I'm trying to use recipes to calculate rolling statistics of time series to use as a predictor for a classification problem. I've tried 3 different recipe steps to do this but all seem to have limitations.
step_window: can only calculate one statistic per step, limited number of statistics and tuning of window length gives error "Error in window/2 : non-numeric argument to binary operator"

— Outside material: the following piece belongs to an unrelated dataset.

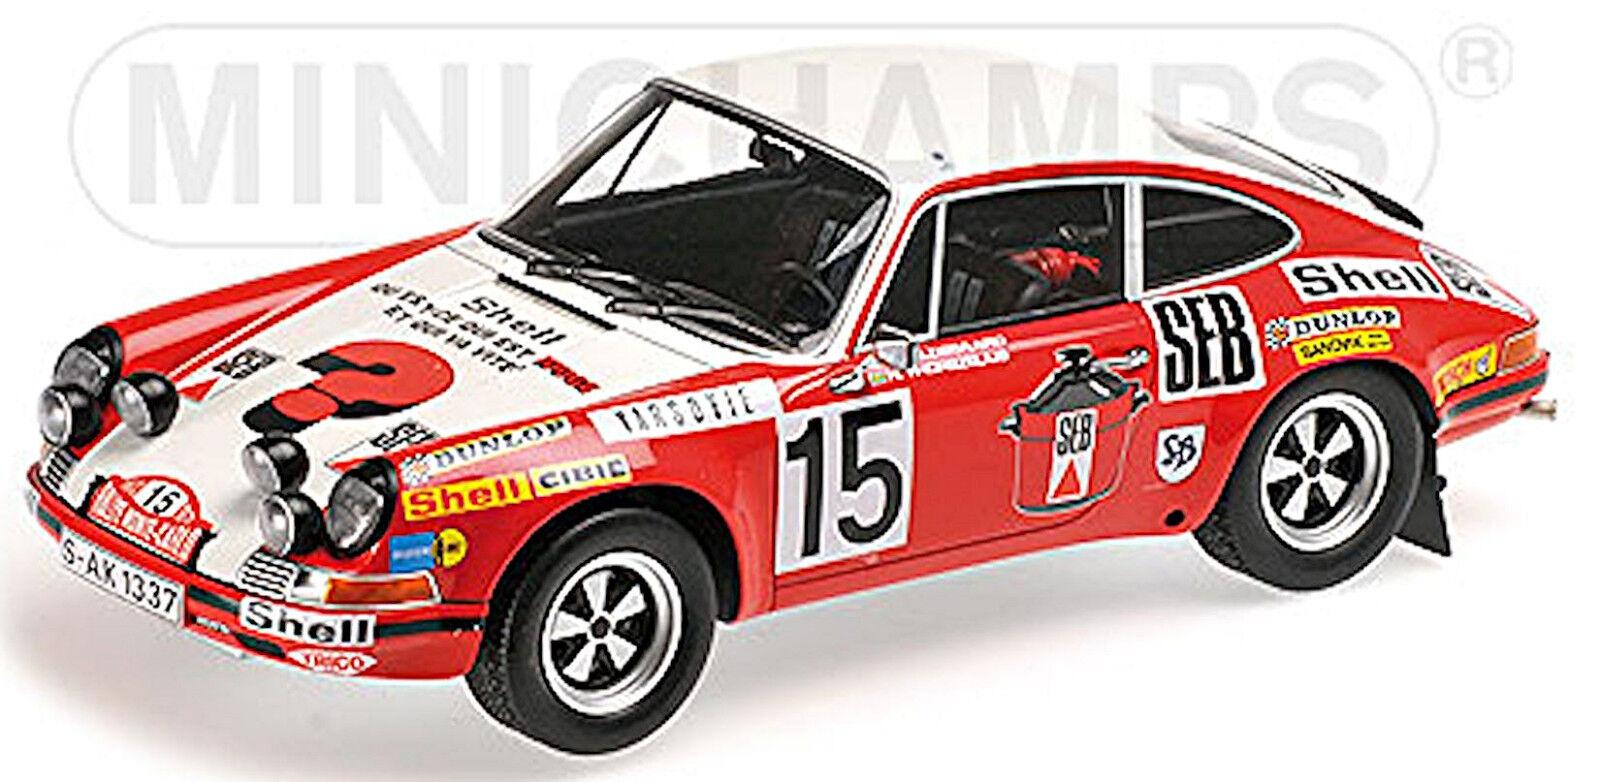 Porsche 911 s rallye monte carlo 1972  15 waldegard waldegard waldegard 1 18 MINICHAMPS 5d83e3

step_mutate_at: Can't provide arguments to user defined rolling functions and can't tune
step_slidify: Can't tune and can only pass one function per step
Is there a step that allows for the rolling calculation of any user defined statistic(s) over a window length that can be tuned and return new predictors along side the original predictors?
library(tidymodels)
library(zoo)
library(timetk)
# dummy time series data
data = data.frame(x = rnorm(500), y = as.factor(sample(c(0, 1), 500, replace = T)))
trend = function(x){
axis = seq_along(x)
slope_value = coef(.lm.fit(cbind(1, axis), x))[2]
return(slope_value)
}
rolling_trend = function(X, window = 24){
output = rollapply(X, window, fill = NA, align = "right", function(i){
axis = 1:window
slope_values = coef(.lm.fit(cbind(1, axis), i))[2]
return(slope_values)
})
return(output)
}
window = 24
feature_names = colnames(data)[1]
feature_recipe <- recipes::recipe(y ~ ., data = data) %>%
#step_mutate_at(all_predictors(), fn = list(trend = rolling_trend), role = "predictor") %>% # can't give arguments to fn, can't tune window
#step_window(all_predictors(), role = "predictor", statistic = "mean", size = window-1, names = paste0(feature_names, "_trend")) %>% # limited statistics
step_slidify(all_predictors(), period = window, align = "right", .f = trend, names = paste0(feature_names, "_trend")) %>% # can't tune period
step_naomit(all_predictors(), skip = T)
baked_data = bake(feature_recipe %>% prep(), data)
logit_spec <- logistic_reg(mode = "classification", penalty = tune(), mixture = 0.5) %>%
set_engine("glmnet")
model_cv = rsample::rolling_origin(data, initial=250, assess = 250, skip = 250)
model_workflow <- workflow() %>%
add_recipe(feature_recipe) %>%
add_model(logit_spec)
results = model_workflow %>%
tune_grid(grid = 5, resamples = model_cv)